Input data:
§ §
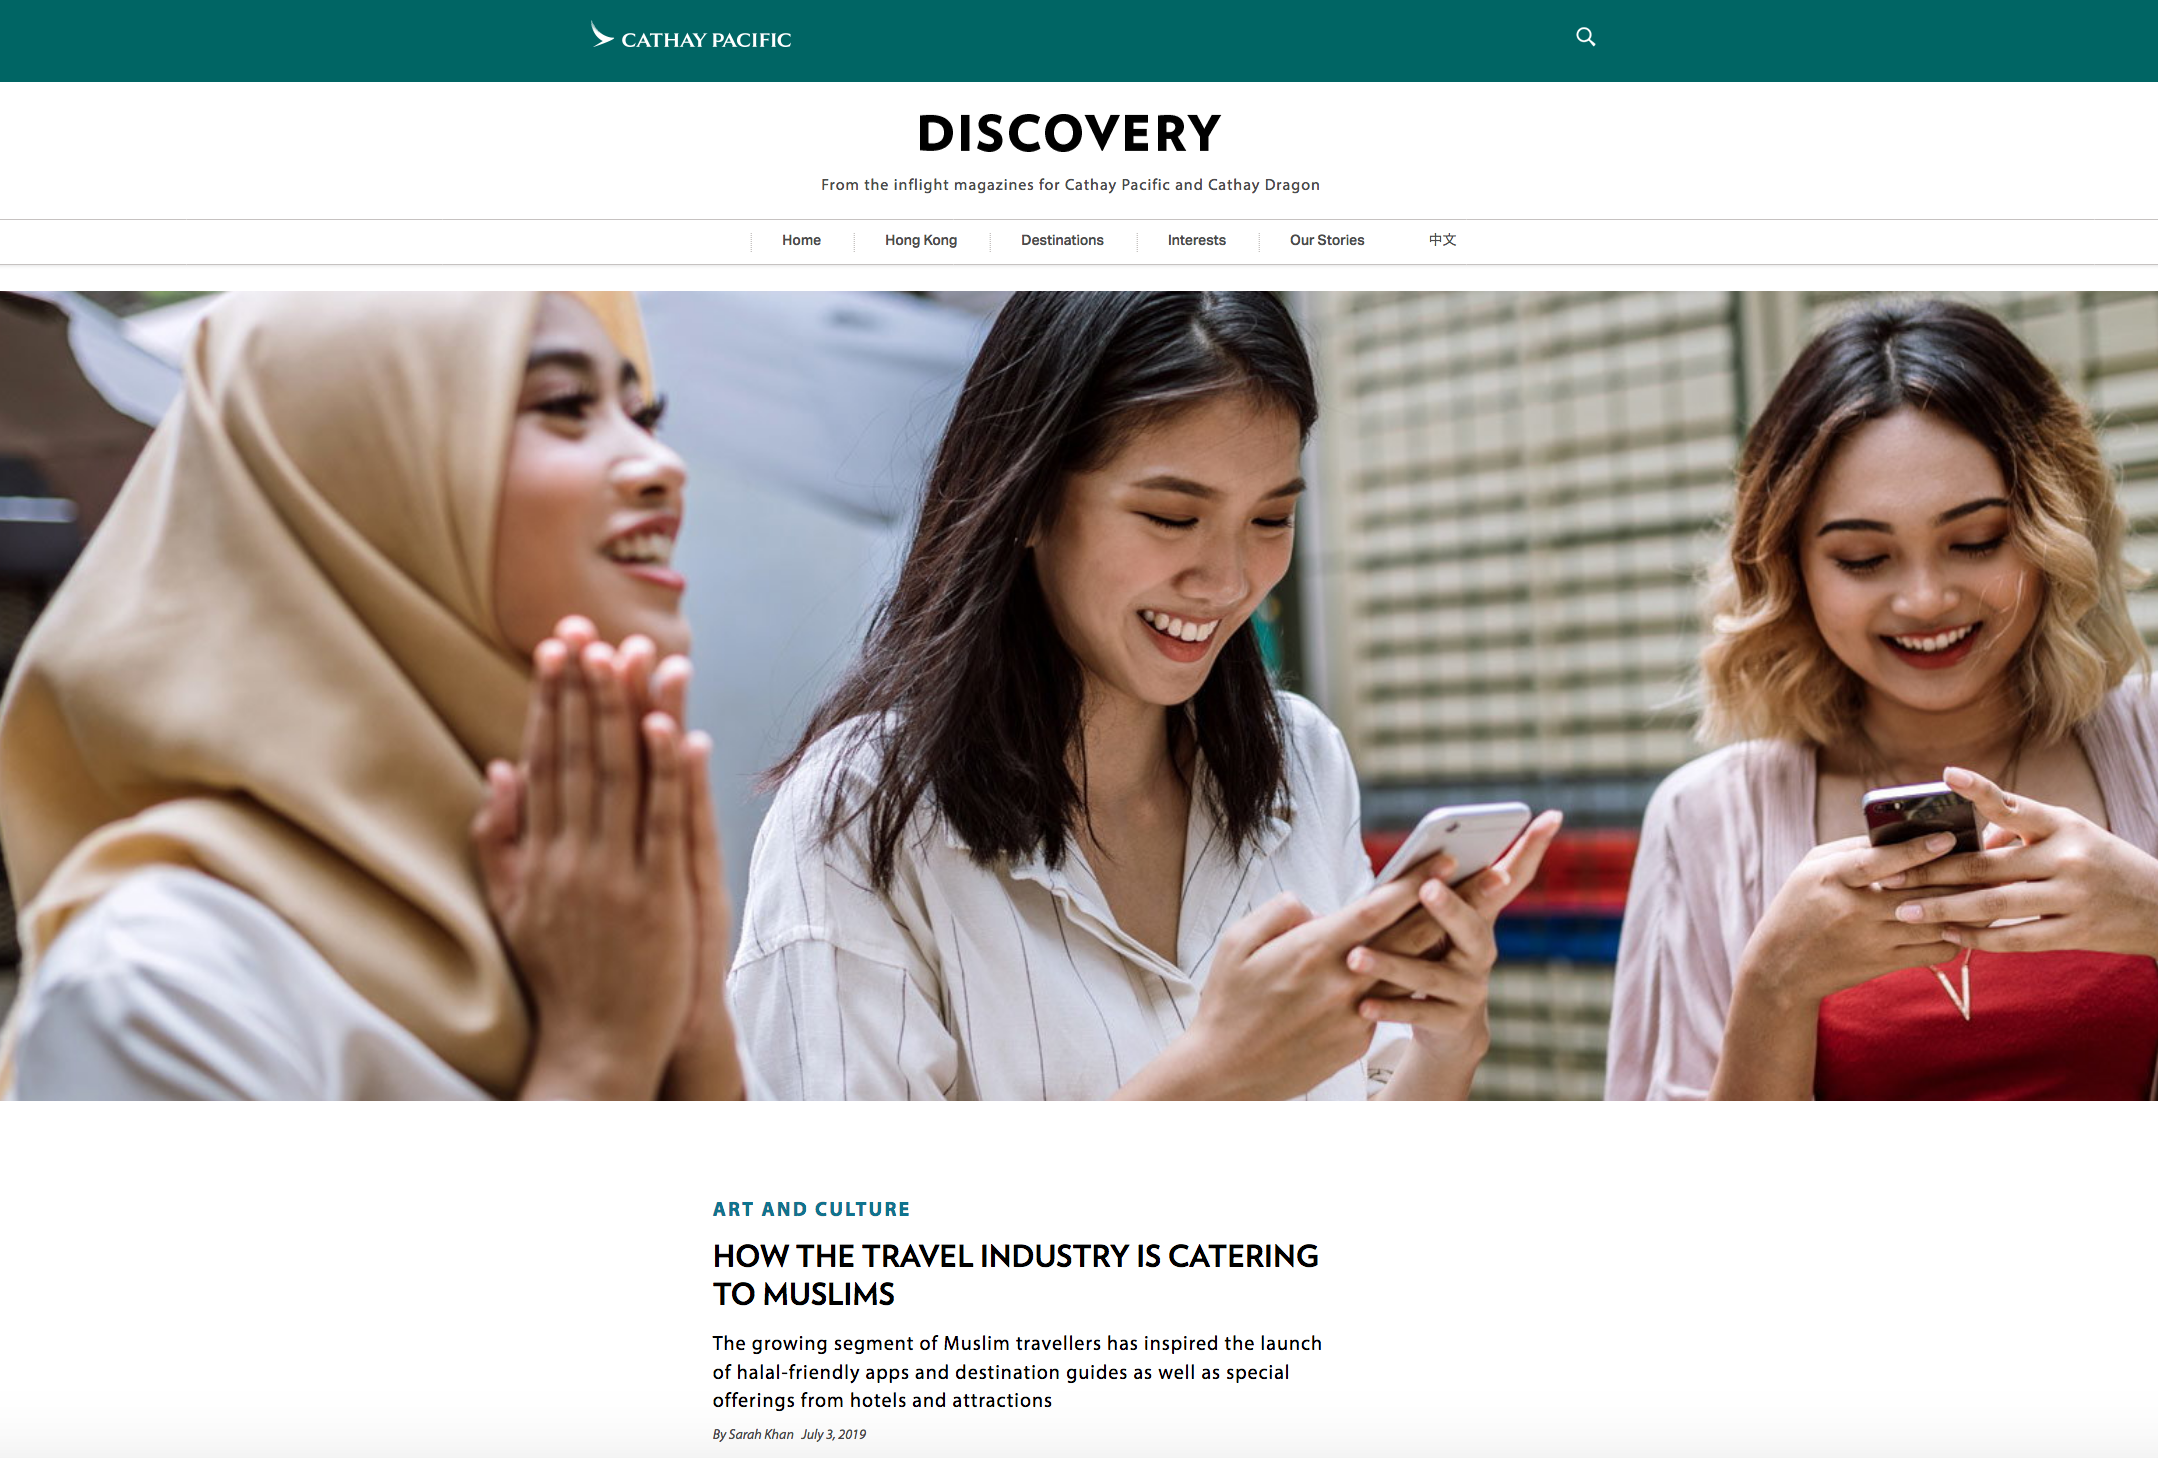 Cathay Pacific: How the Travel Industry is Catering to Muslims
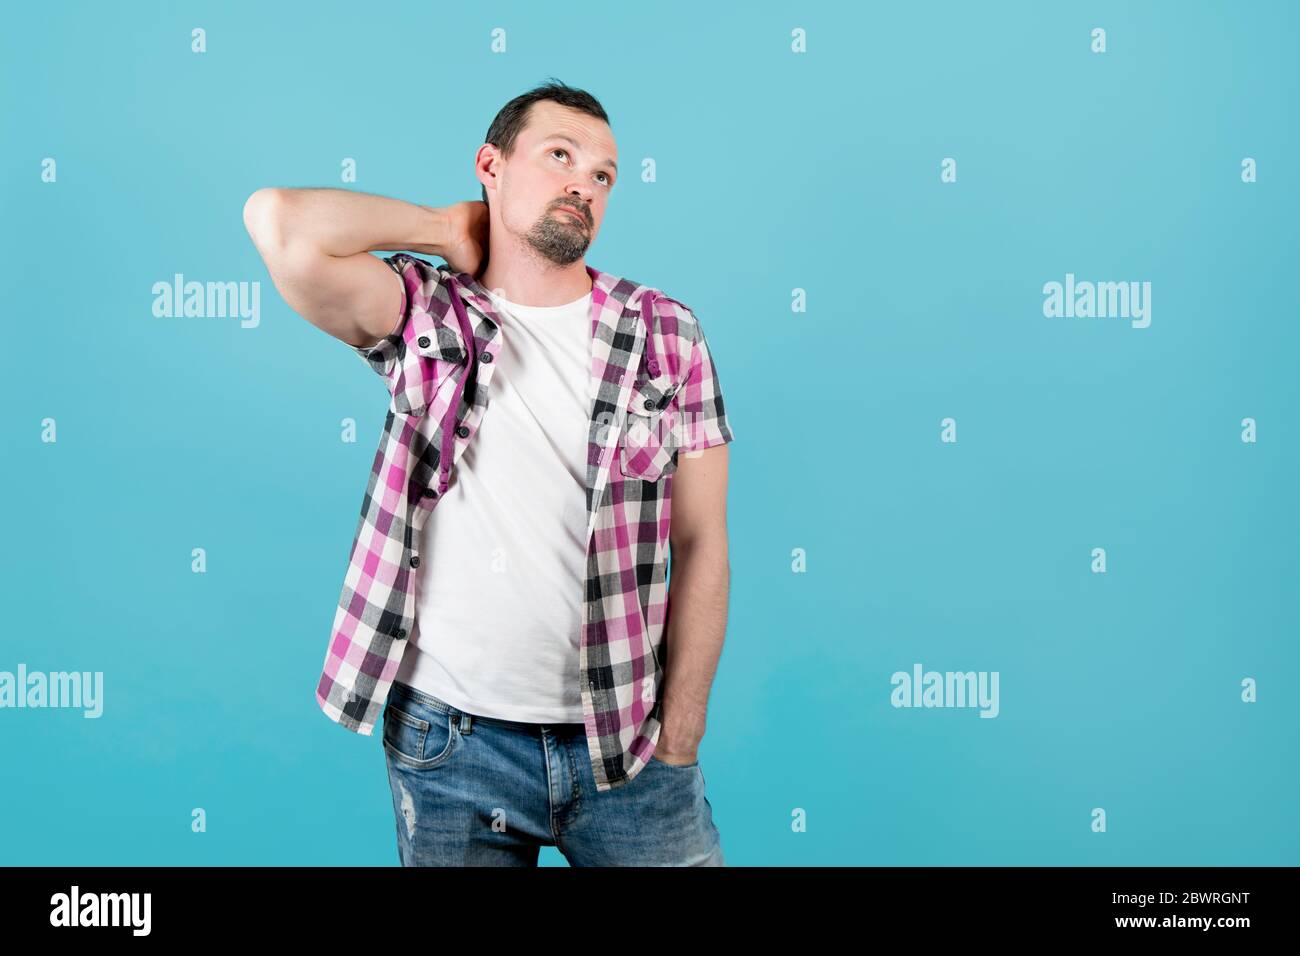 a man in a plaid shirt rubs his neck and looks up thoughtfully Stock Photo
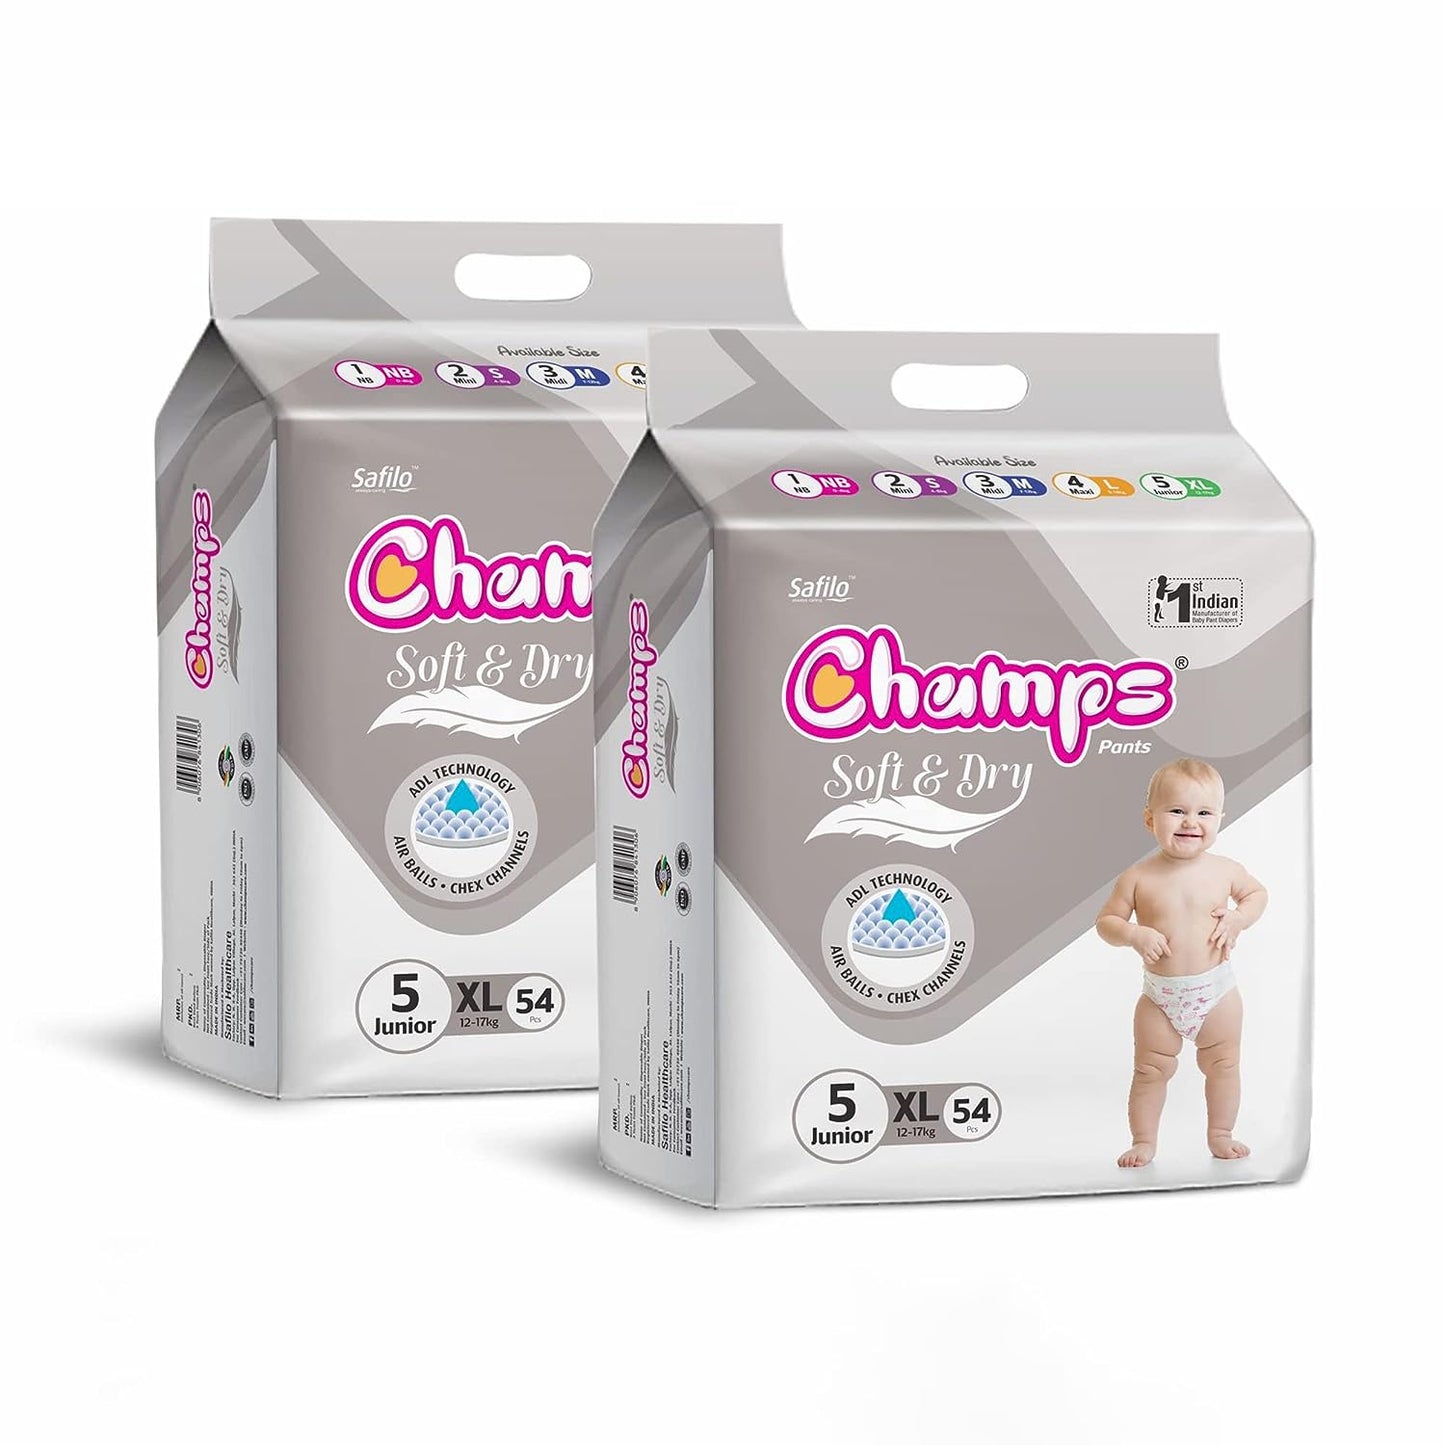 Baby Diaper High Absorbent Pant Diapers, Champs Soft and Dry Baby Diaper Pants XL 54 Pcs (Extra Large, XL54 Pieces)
§ §
What the task requires: Return the data above in its exact wording, with none of the pictures.

Answer to this problem:
 Cathay Pacific: How the Travel Industry is Catering to Muslims
 a man in a plaid shirt rubs his neck and looks up thoughtfully Stock Photo
 Baby Diaper High Absorbent Pant Diapers, Champs Soft and Dry Baby Diaper Pants XL 54 Pcs (Extra Large, XL54 Pieces)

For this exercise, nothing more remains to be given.